In contrast to such concerns, mainstream psychiatry’s most influential leaders, such as the former American Psychiatric Association (APA) president, Dr. Jeffrey Lieberman, have proclaimed that psychiatry has been “reborn” due to the introduction of what they say are safe and effective new medications. But they overlook that callous, even fatal, treatment is not just ancient history from the bygone era of hospital “snakepits.” Dangerous prescribing patterns, for instance, have generally worsened in the years since the well-publicized death of an overmedicated four-year-old girl named Rebecca Riley in a Boston suburb more than a decade ago. There has been no meaningful reform of residential treatment abuses for decades, either, even after nearly ninety reported on-site teen deaths in the last fifteen years.
Beyond just chronicling the disastrous human impact of a failed and misguided behavioral health care system, this book also tells the dramatic David vs. Goliath stories of a few brave reformers who have taken on the health care and drug companies that have so warped treatment. These include whistleblowers such as psychiatrist Dr. Stefan Kruszewski, a consultant to the Pennsylvania welfare department, who was fired after reporting the deaths of kids who were killed by psychiatric drugs nearly fifteen years ago, and who later became part of Department of Justice settlements that forced $2 billion in settlements from two major drug companies. You’ll also see a modern Profile in Courage in Allen Jones, a dogged investigator for Pennsylvania’s Inspector General’s office who was fired and then worked as a bricklayer after uncovering a massive scheme by Johnson & Johnson to hawk its drug Risperdal by having corrupt Medicaid officials across the country buy and promote t
heir drug with phony prescribing guidelines. Jones’s findings later led to a $158 million settlement by Johnson & Johnson with Texas that netted him about $20 million while laying the groundwork for a $2.2 billion criminal and civil settlement in 2013, one of the nation’s largest health-care fraud cases.
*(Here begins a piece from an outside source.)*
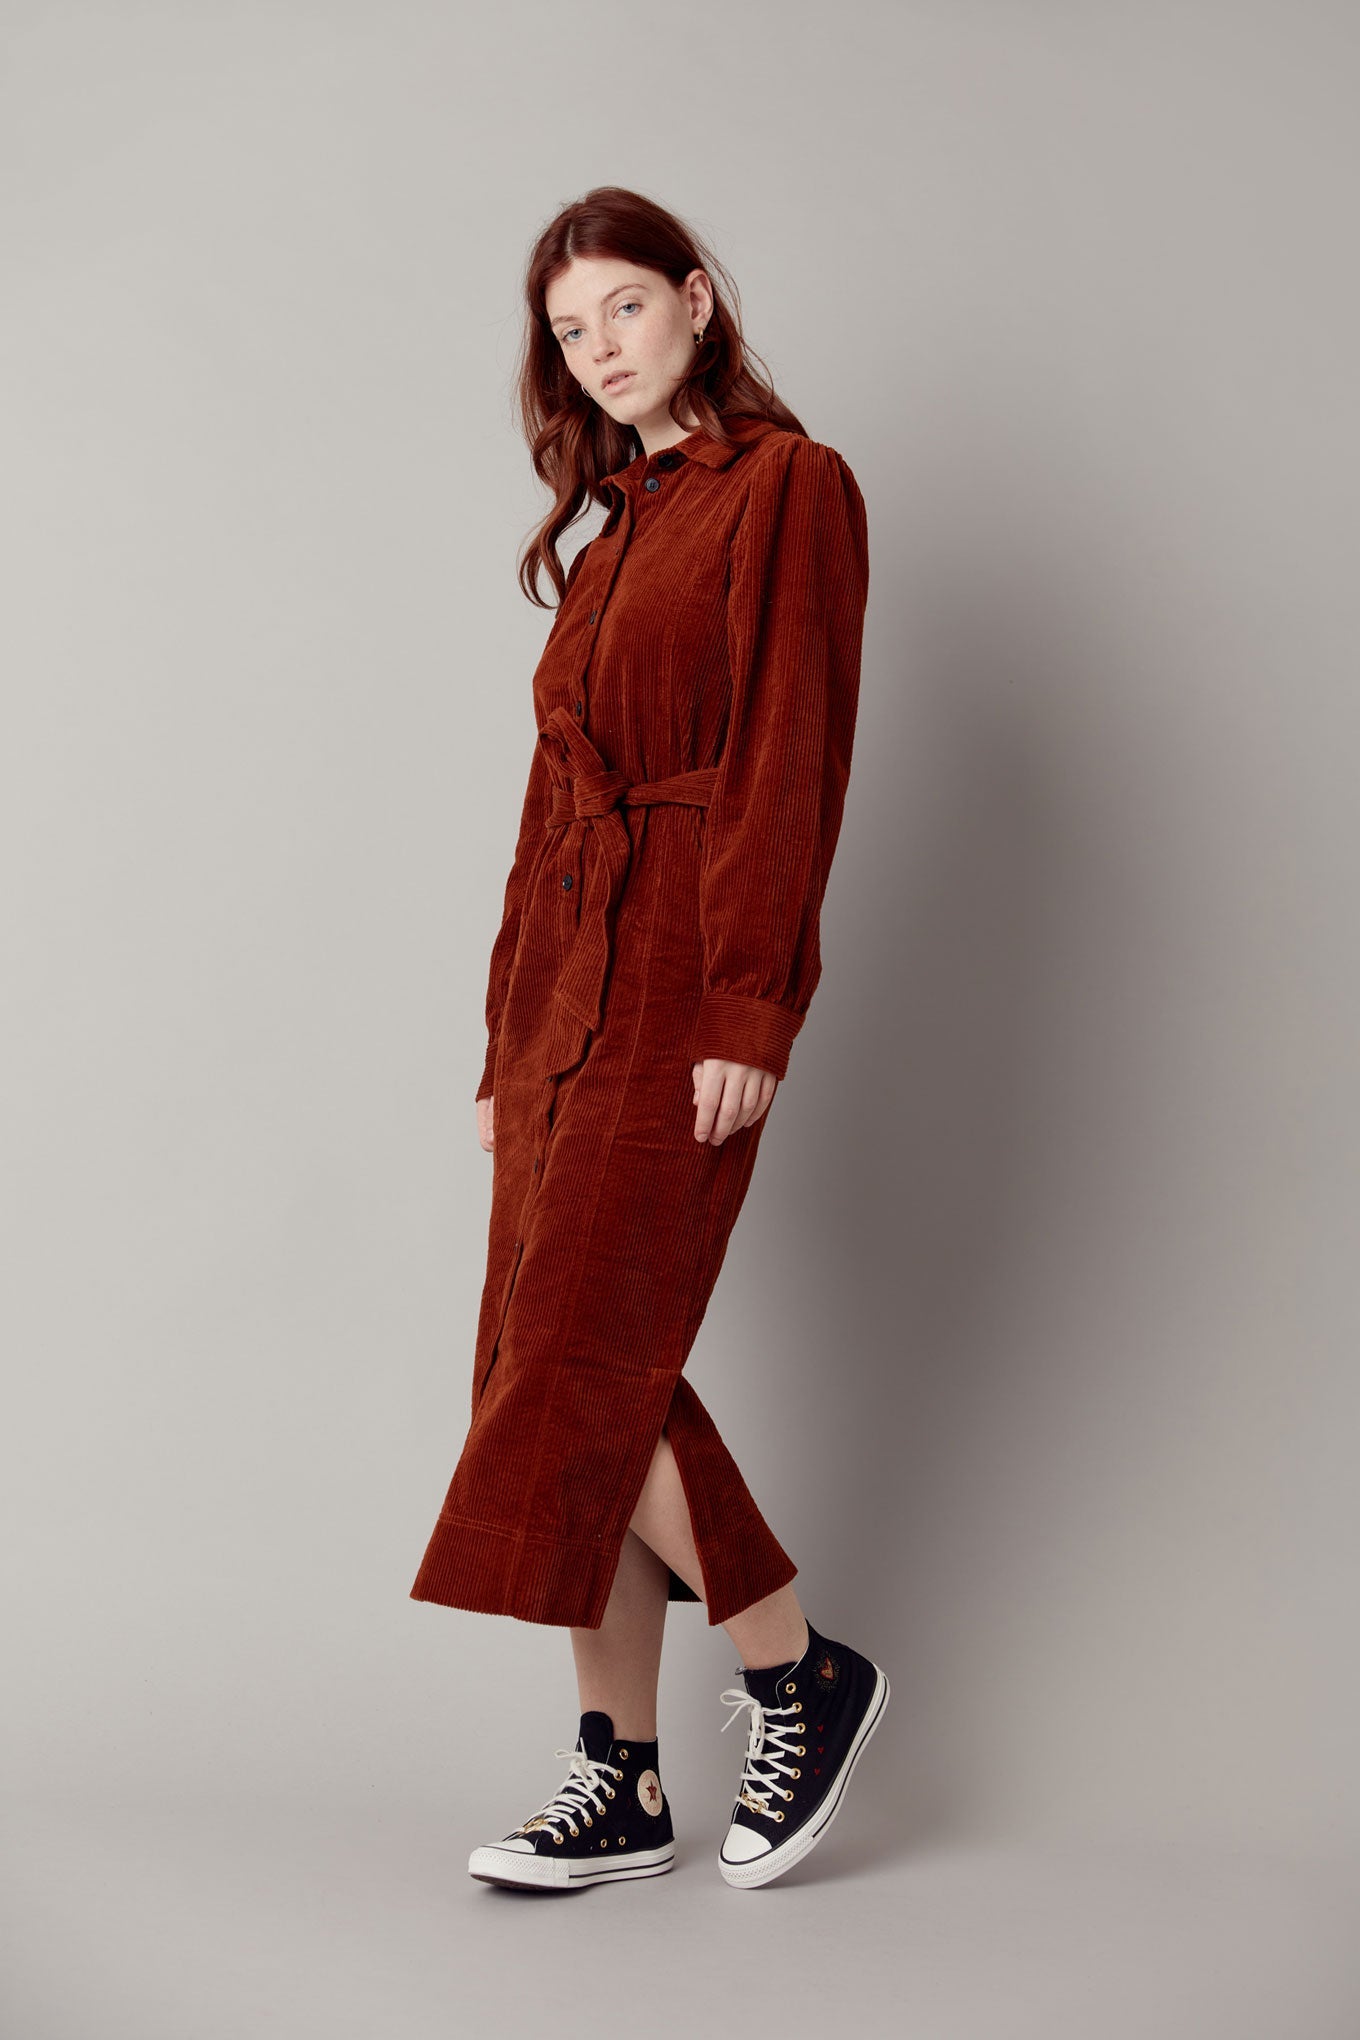 Robe longue en velours côtelé rouge-marron REINA en coton 100% biologique de Komodo

Equally important—but often overlooked—are pioneering researchers and clinicians who are judiciously using medications when needed, including antipsychotics in low doses and increasingly for relatively short periods, as part of more comprehensive approaches that involve the support of family members and the promotion of independent living. They’re challenging outmoded, drug-and-sedate practices that leave 90 percent of people with serious mental illness too disabled to work.
Just as troubling, drug-based outpatient Medicaid programs are so risky and ineffective that people with serious mental illness receiving treatment now die twenty-five years earlier than the average American. “This is a higher death rate than experienced currently by persons with HIV and on a par with sub-Saharan Africa,” said Dr. Joseph Parks, then the medical director of the Missouri Department of Mental Health. According to Parks’s recent congressional testimony, 80 percent of the deaths are due to illnesses such as diabetes and heart ailments that can be worsened by antipsychotic use.